* EXERCISE DATA:
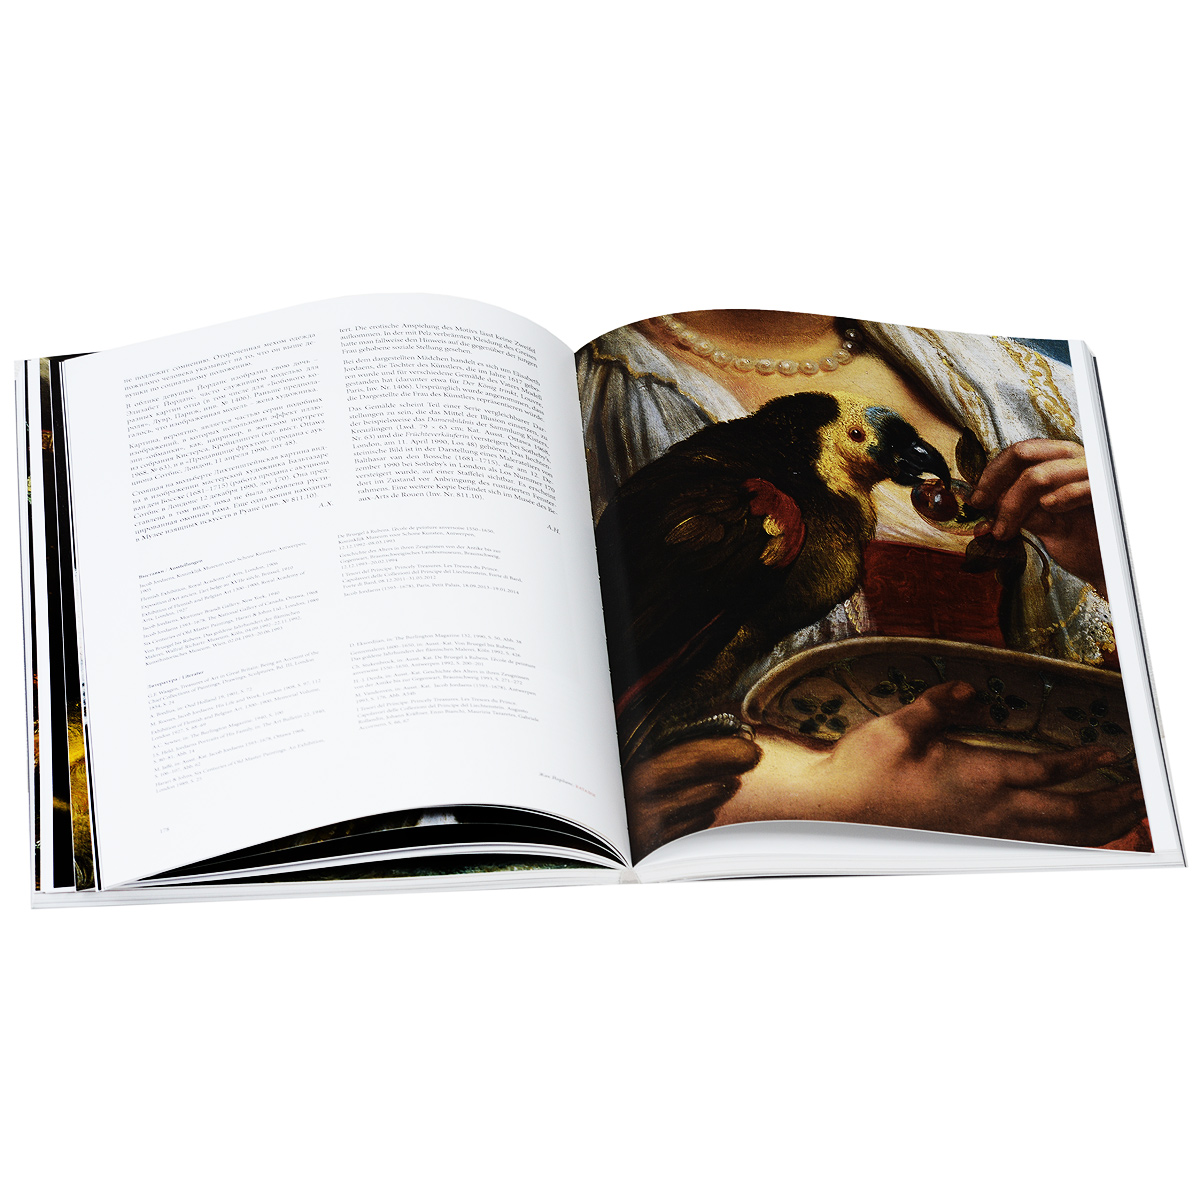 Рубенс, Ван Дейк, Йорданс... Шедевры фламандской живописи из коллекций князя Лихтенштейнского изменяется запасливо накапливая
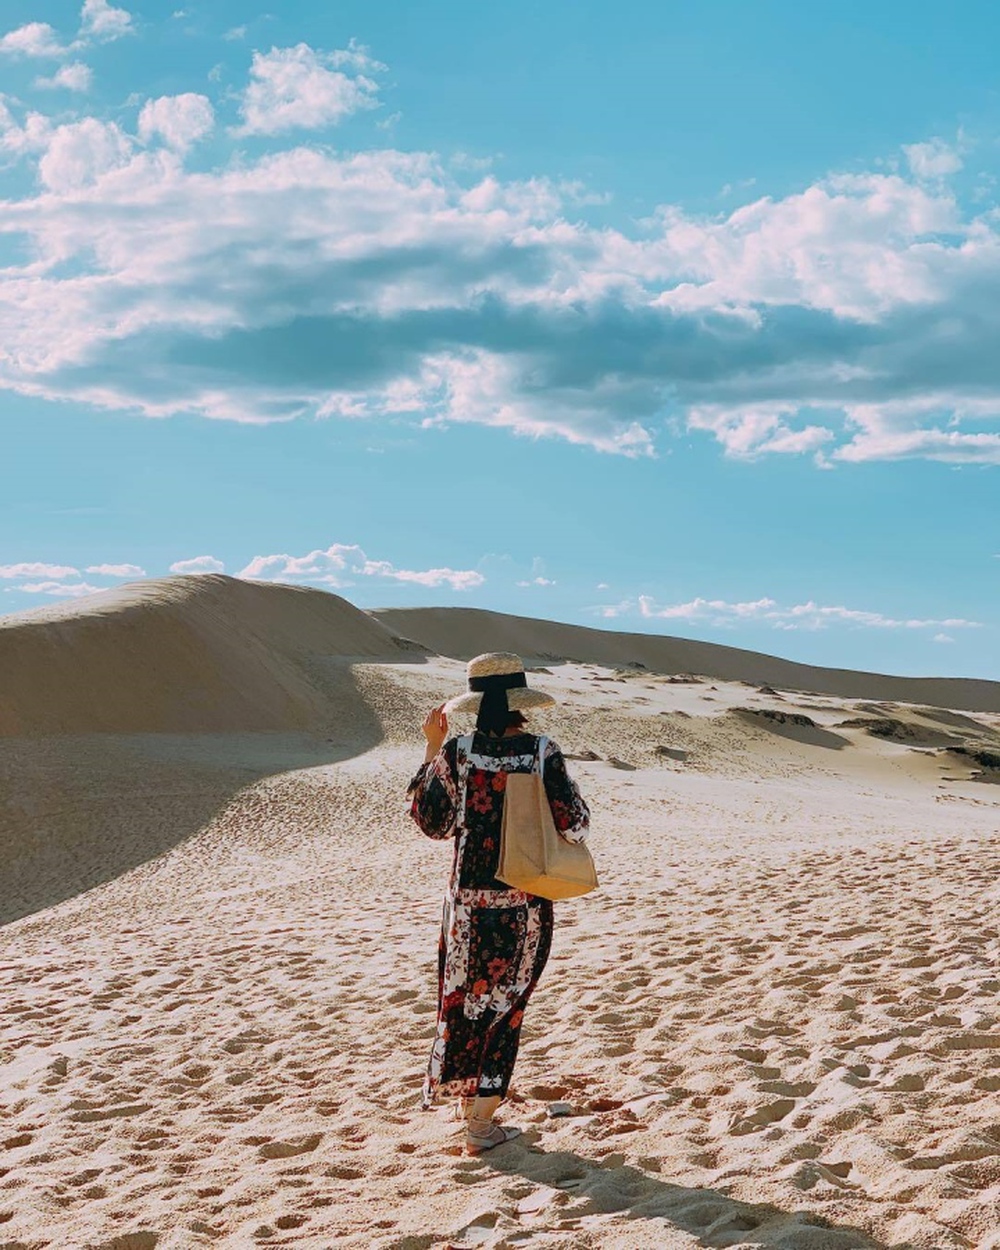 Trải nghiệm cảm giác lạc vào ‘sa mạc thu nhỏ’ với cồn cát xinh đẹp ở Quảng Bình - Ảnh 3.
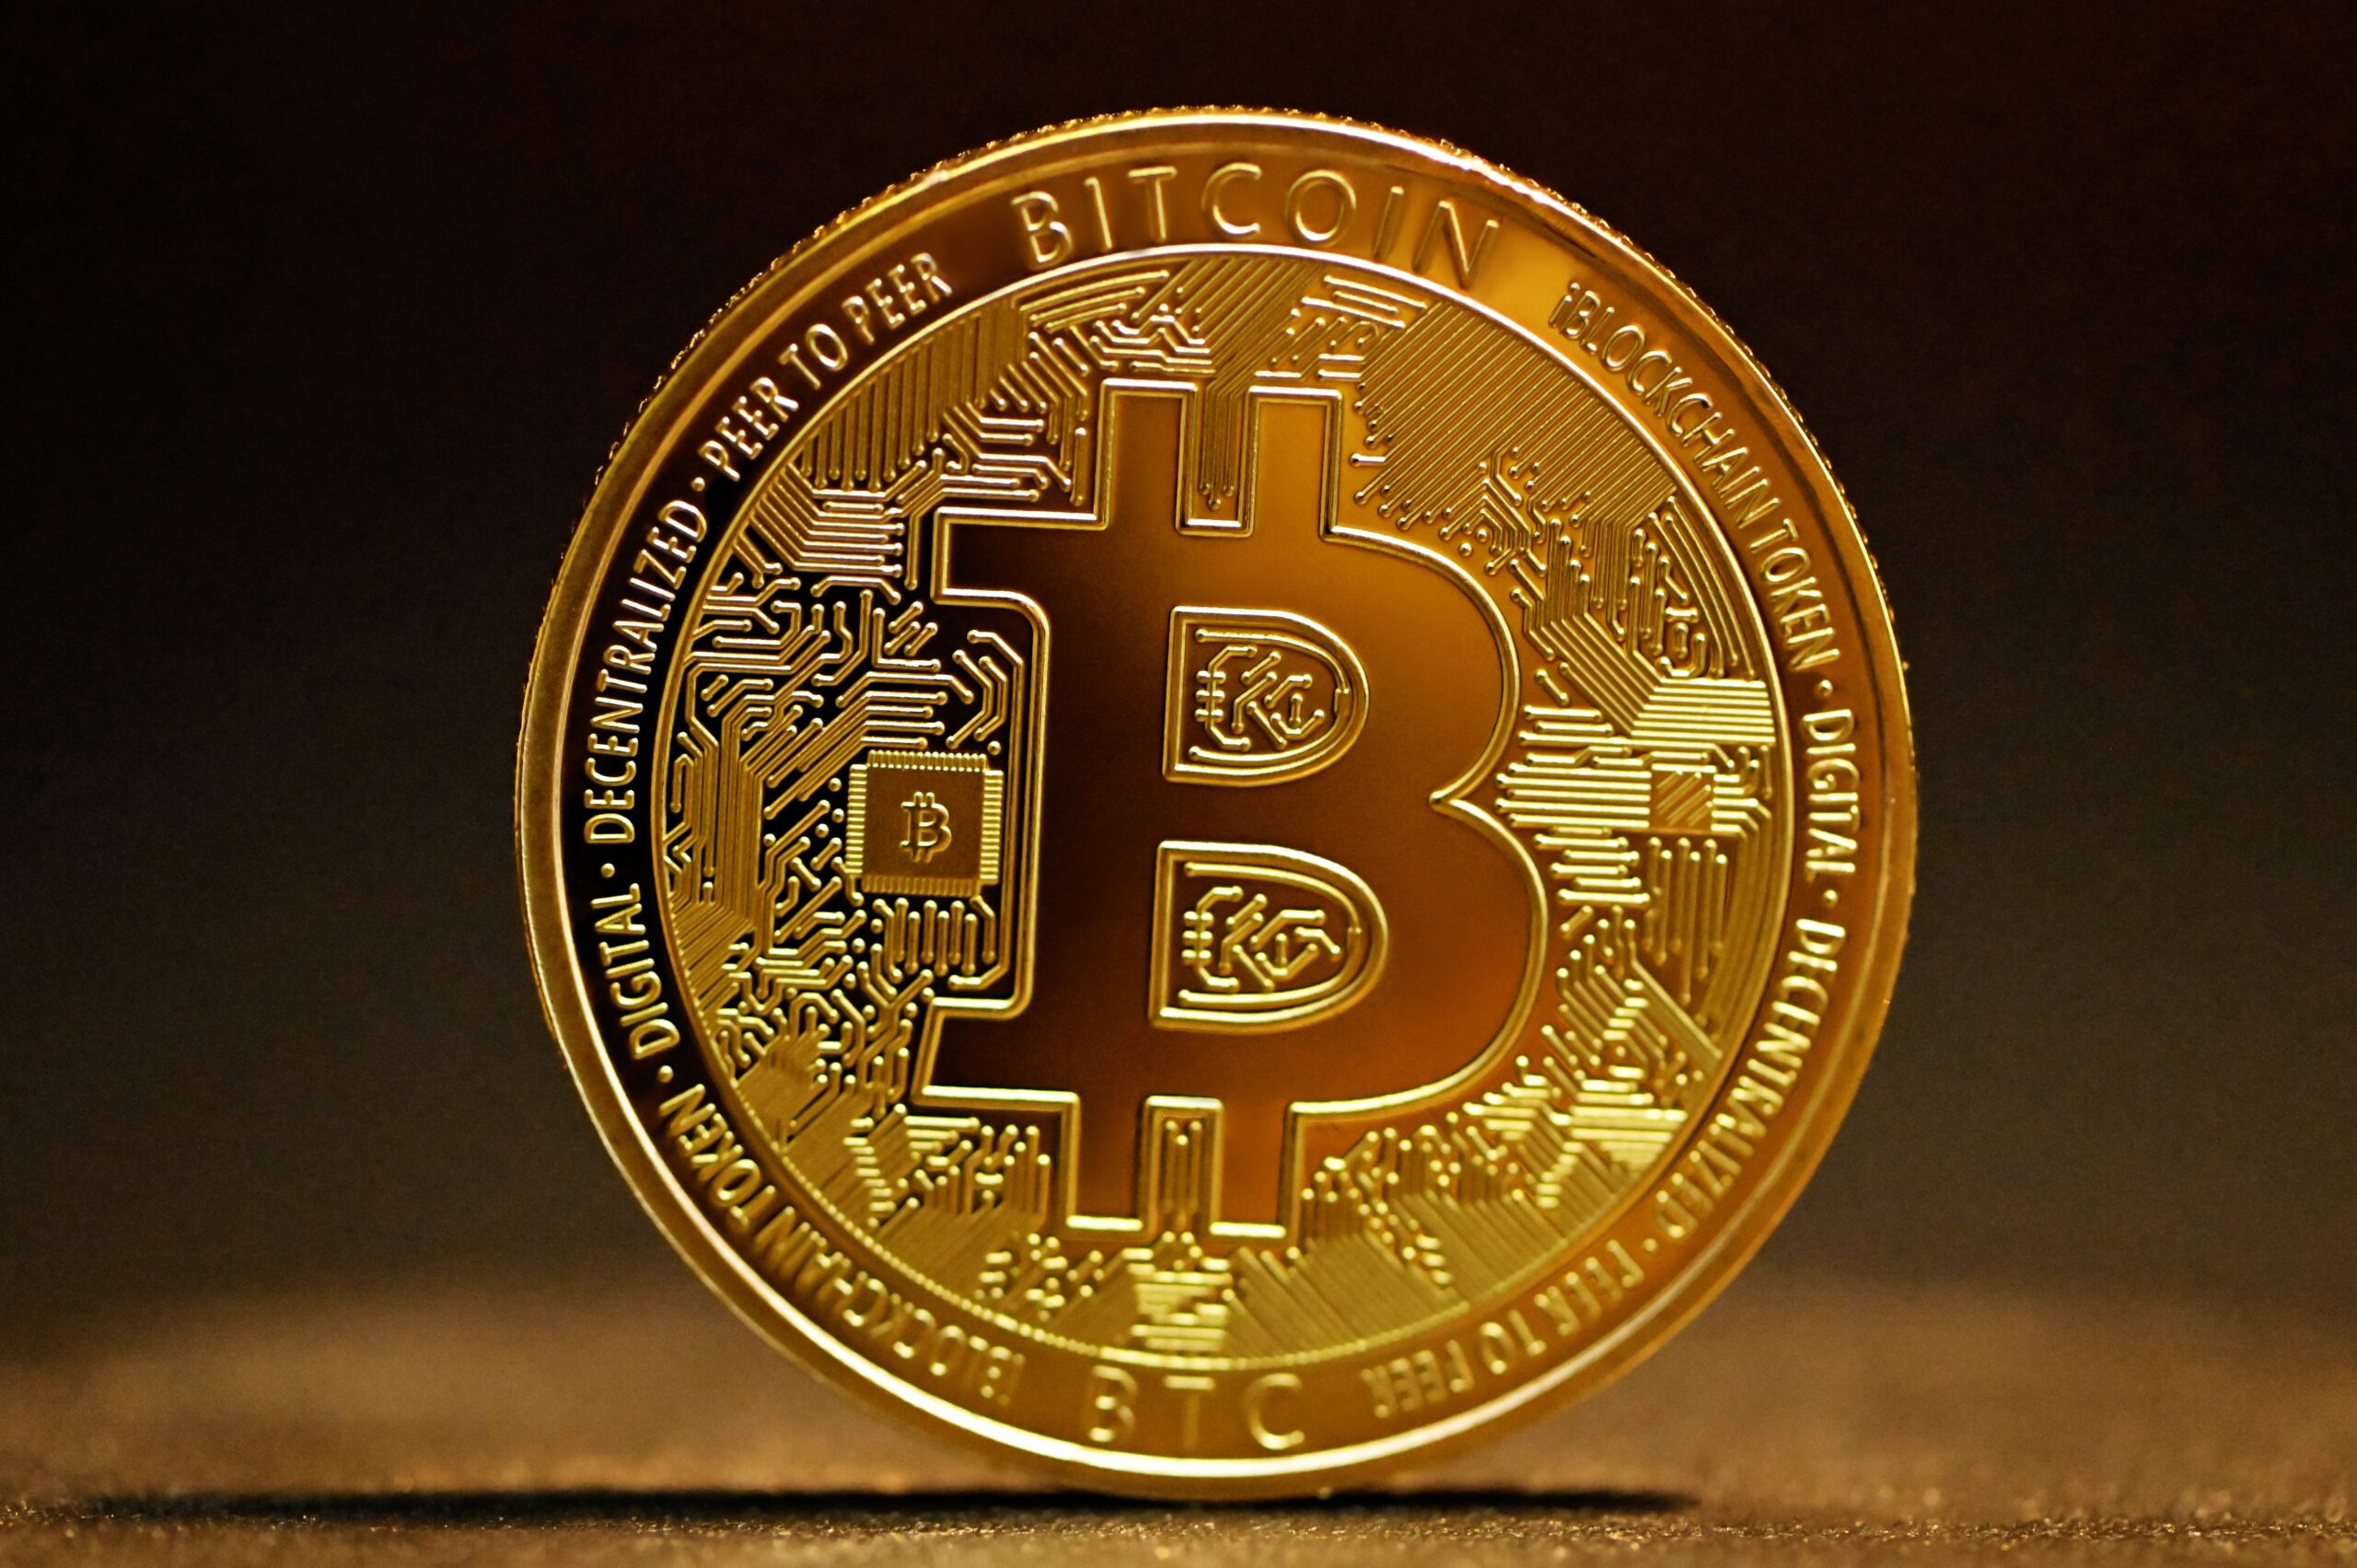 Acheter du Bitcoin tout savoir avant de se lancer

* TRY IT: With the pictures removed, write the listing out word for word.

* SOLUTION TO THIS EXERCISE:
 Рубенс, Ван Дейк, Йорданс... Шедевры фламандской живописи из коллекций князя Лихтенштейнского изменяется запасливо накапливая
 Trải nghiệm cảm giác lạc vào ‘sa mạc thu nhỏ’ với cồn cát xinh đẹp ở Quảng Bình - Ảnh 3.
 Acheter du Bitcoin tout savoir avant de se lancer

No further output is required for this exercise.